The Monsters are magnificent. Compared to the effects used for the monsters when Gamera first appeared in the 1960’s, you could easily tell it was a suit and looked poor. The suits used in this film look real, as if a Giant Turtle was used to shoot those scenes. The Monster attack scenes on cities look terrific, and the fight scenes look intense and realistic. It is hard to really say how great the effects are without showing you. Not only did this film rival Godzilla in a story sense, but also a special effects sense, when you look at the Gamera scenes where he is either rampaging through a city or in a fight with Gyaos, it’s magnificent.  To me the effects beat those of several other monster films I can name including some Godzilla films. It’s not too much of an overstatement for me to say that the special effects used in this film, are some of the best I have seen in the whole of cinema, and some of the most realistic too.
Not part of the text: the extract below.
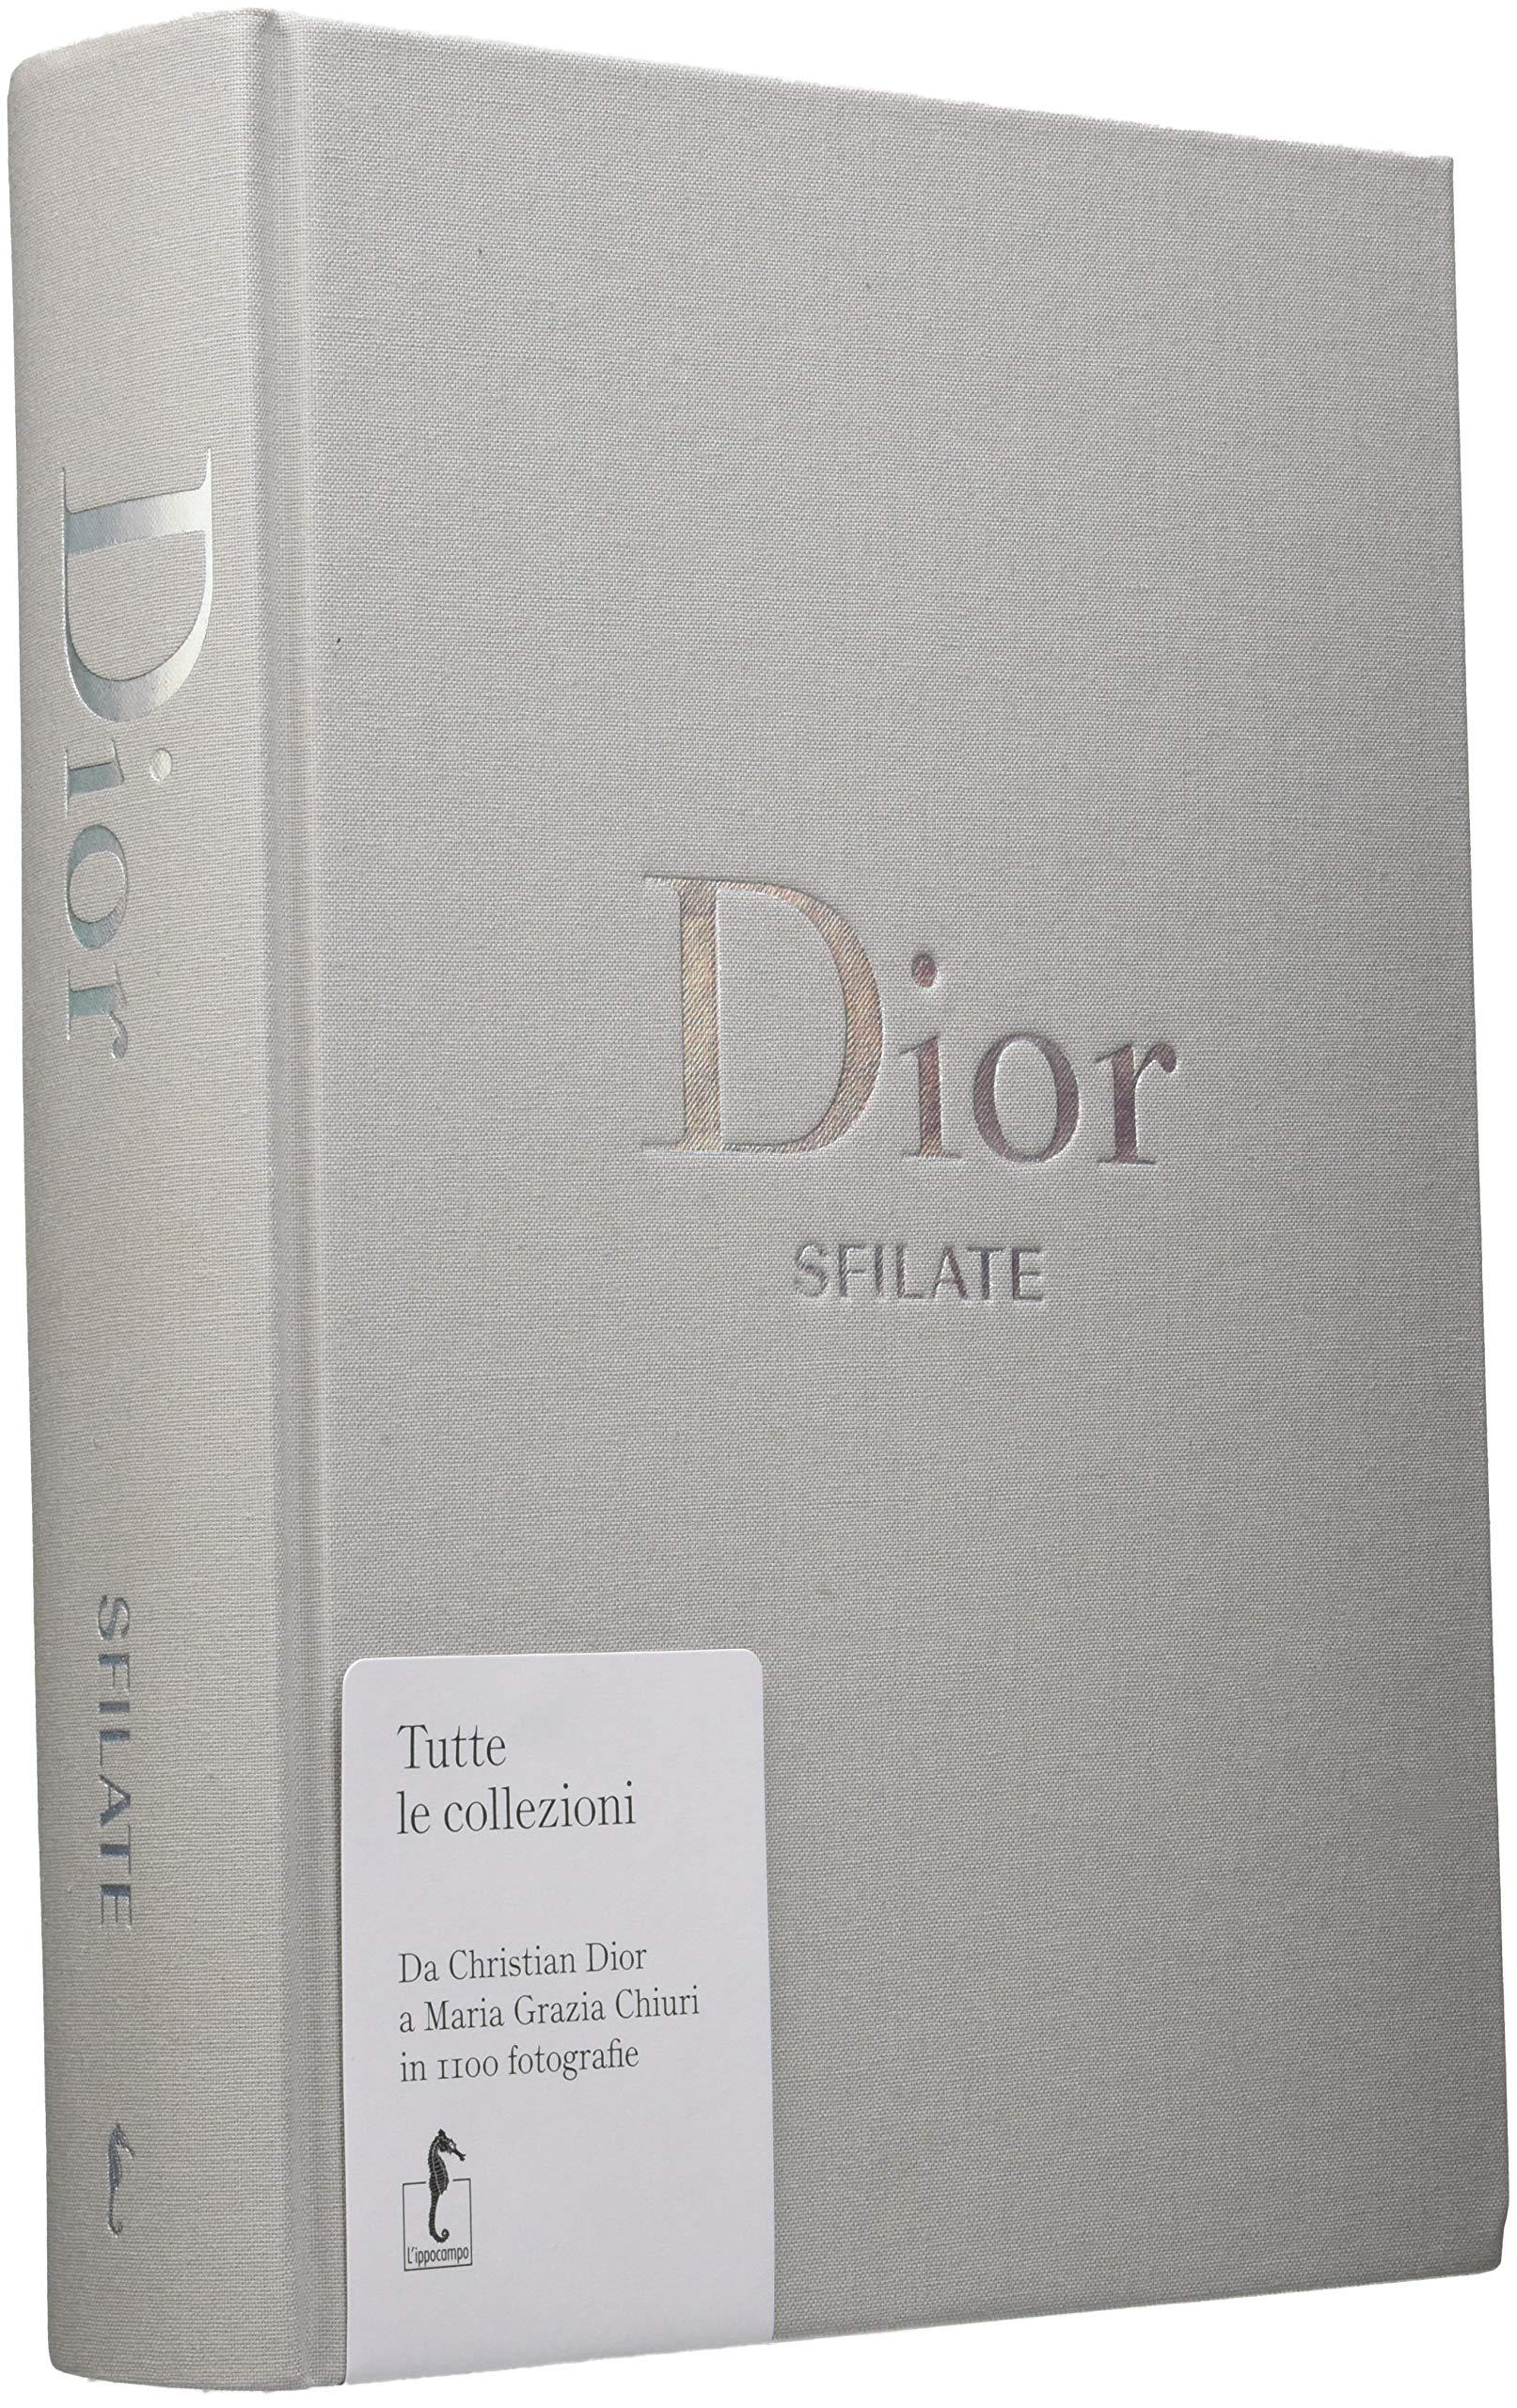 christian dior libro  : Dior. Sfilate. Tutte le collezioni da Christian Dior a ...

The film’s soundtrack (provided by Kow Otani)  is incredible; there is almost a piece of music for each scene. The opening scene has large parts where they help show the size of a scene, and possibly importance, while on the other hand there are great mystical sounds for the parts talking about the origins of the creatures depicted in the film. Some of my favourite pieces though are the military scenes as stated above. Scenes like when the tanks are amassing to attack Gamera or one scene where Gyaos is flying and the piece works well with the seriousness of the situation but adds tension. Gamera’s theme is good also as it depicts him not like a hero as such but as someone coming to save the day and so when he arrives or leaves the scene it sounds incredible. One thing of note to point out about the soundtrack is the sometimes apparent use of native Japanese instruments for some scenes, while the film does also use non-native equipment in its soundtrack; the use of them adds to the film culturally and also adds to the mystical properties of the films story too.


On the whole, as you may be able to see, this film is incredible. Great Cast, Brilliant Story, Amazing Special Effects, Wonderful Music and Amazing Directing from Shusuke Kaneko to bring all this together and create one of the absolute Best Monster Movies to date. While I could go on some more, I don’t want to ruin it for everyone else. While this film may not be able to compete with some Godzilla films, I can think of some that this film easily beats. Whatever tastes in film you fancy there is something in this film for everyone, I guarantee it.  Godzilla finally had a rival, and what a rival he was.

GENEPOOL (To think that if this film did not happen or was not to achieve the success it gained, we wouldn’t have Gamera 3).